(MoneyWatch) If you participate in a 401(k) plan, underthat took effect last month you should have received a summary of the investment performance of the funds in your plan by now. This disclosure should include a comparison of each fund in your plan to the appropriate benchmark, so that you can tell if your funds are performing below or above average.
If you're the type whose eyes glaze over at numbers and figures and you're thinking about just throwing away this disclosure, understand that you may be throwing away thousands of dollars. Do I have your attention now? Let me show you what to look for in these disclosure documents and explain how they can help you save more money each year.
A relative recently showed me the disclosure statement she'd just received in the mail. The statement displayed a pretty poor comparison of her 401(k) plan's fund investment history (see the copy below).

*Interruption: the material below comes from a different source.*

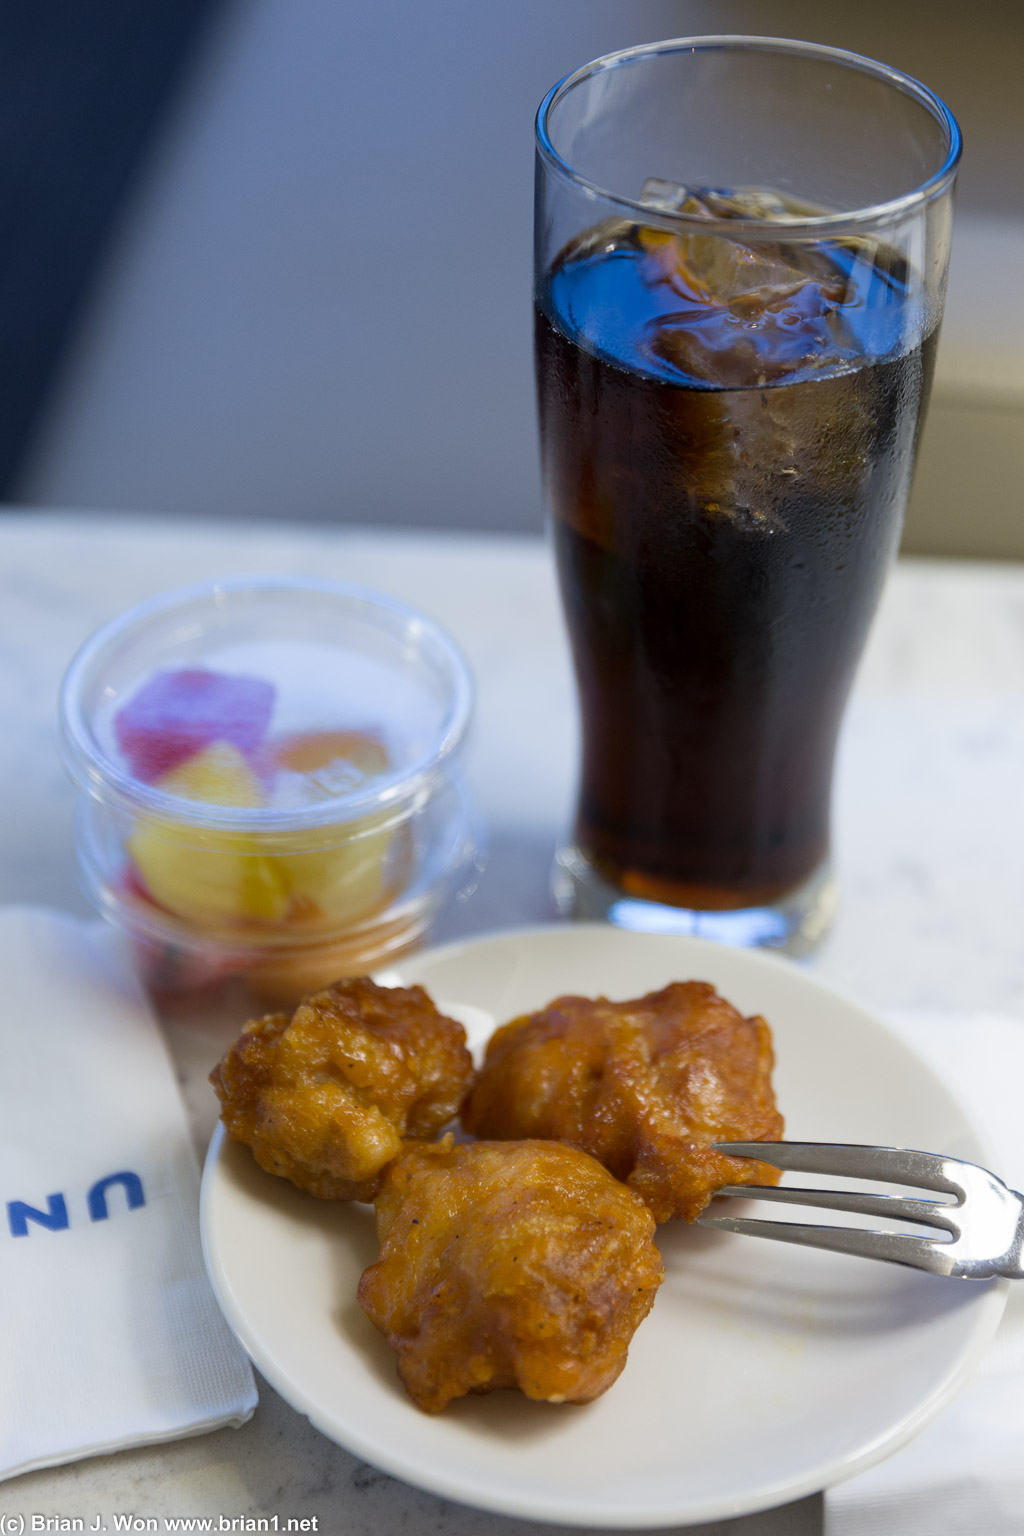 United Club switched to fried chicken balls. Actually pretty good.

Although I've covered up the plan name and identification to prevent embarrassing the company owner, I have no problem showing the factual information that compares the performance of the funds provided by the financial institution to the appropriate benchmarks.
Look at the average annual rate of return for the funds in her plan and compare these returns to the benchmark - the headings for both of these items have been circled in yellow. Compare them for the same periods, meaning compare the returns for one year, circled in blue, the returns for five years, circled in red, and the returns for 10 years, circled in black.

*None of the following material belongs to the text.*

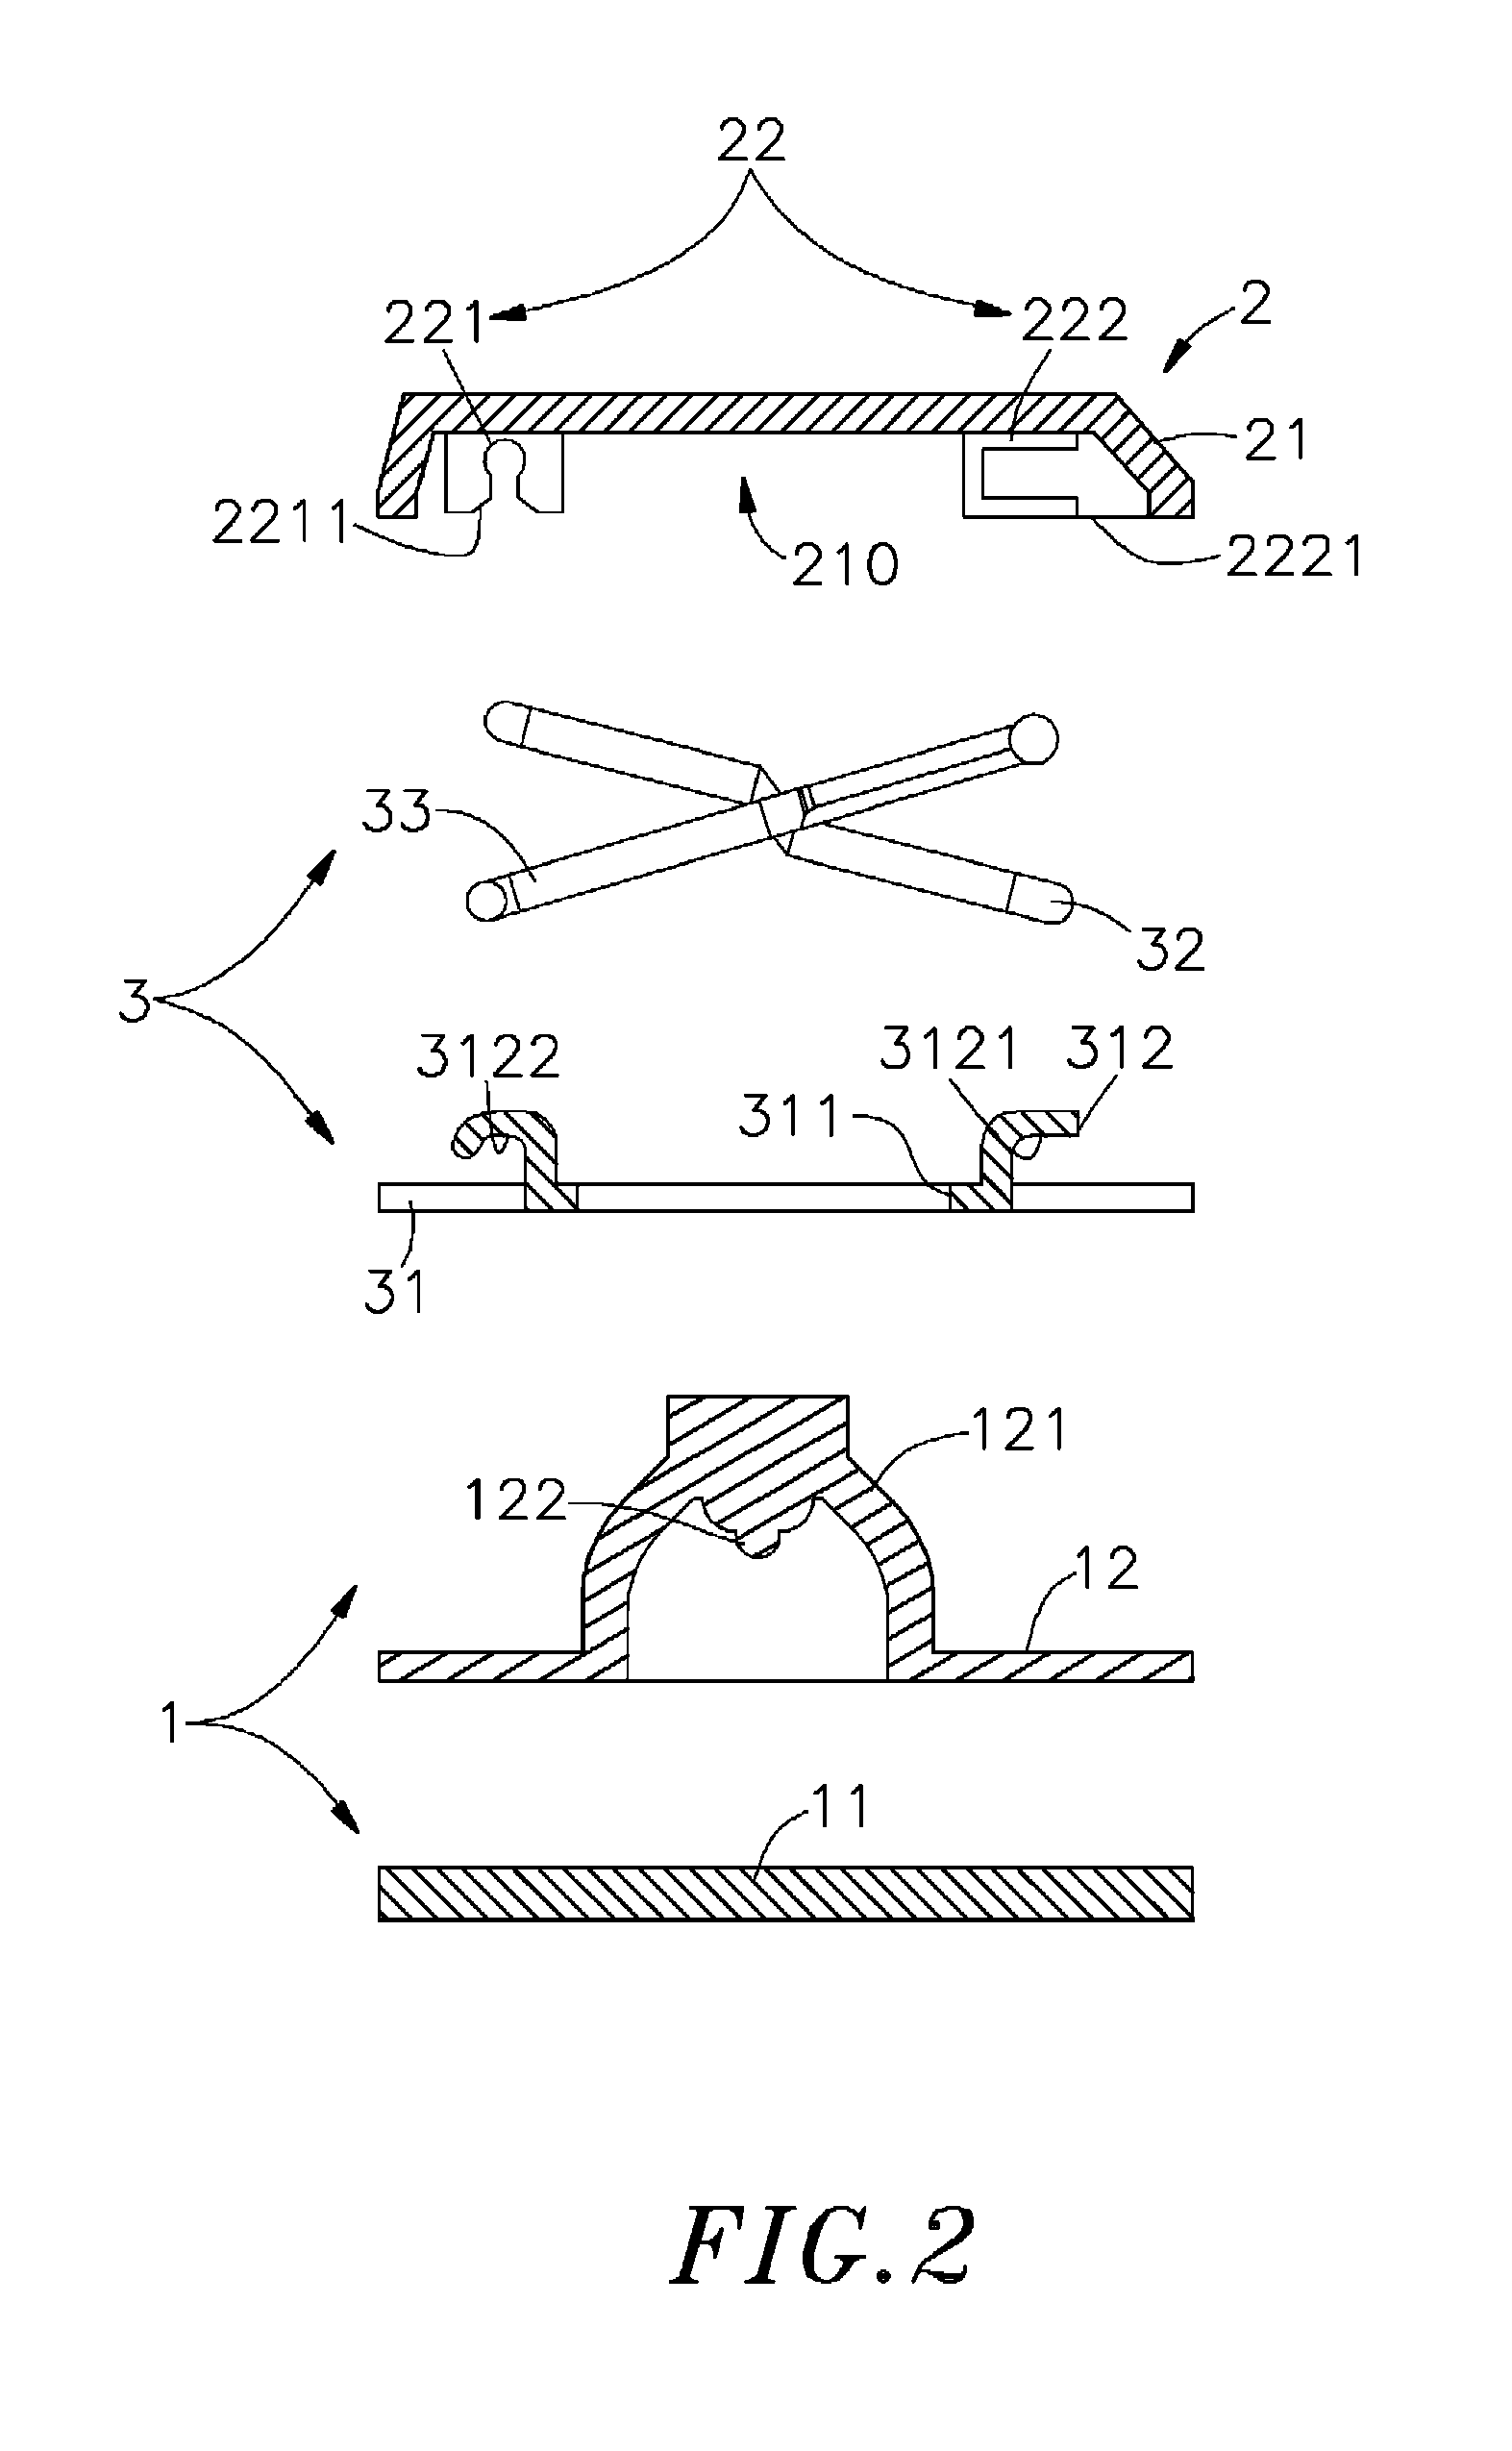 Key switch structure for input device

For most of her plan's investment funds, the performance of the fund lagged behind the appropriate benchmark by one percent, two percent, or three percent per year -- even more in some instances -- for most of the three comparison periods.
My relative wasn't quite able to comprehend the magnitude of this problem by just seeing these percentages. After all, a percent or two difference in annual returns might not sound too bad if you don't quite understand how to compare the numbers. She clearly didn't understand that consistently losing a few percent points year after year would cost her thousands of dollars over the long run.
Here's how to recognize the magnitude of the problem. My relative told me that she currently has about $200,000 in her 401(k) plan. I explained that underperformance of one percent will cost her $2,000 in one year, and underperformance of two percent will cost her $4,000 in one year. In five years, an underperformance of just one percent per year will cost her more than $10,000, and underperformance of two percent per year will cost her more than $20,000.
That sure got her attention. She's marching in to her boss' office to ask him why her funds have performed so poorly. And that's exactly the reason for these new disclosure requirements: To disclose to plan participants whether their funds are performing well and to encourage plan sponsors to investigate the funds in their company's 401(k) plan to see how they can help their employees accumulate more money for retirement.
It turns out that there's at least one powerful reason why these funds have performed so poorly compared to the benchmarks, and that's the investment management fees that are being assessed against the funds in her plan. Stay tuned for my next post that shows you how to analyze the fee disclosures for this plan to see how to help avoid being taken to the cleaners on paying investment fees.
In the ongoing debate about the appropriate level of government regulation, this is one example of healthy regulation that helps expose underperforming 401(k) investment providers in order to protect consumers. And in this case, knowledge is power.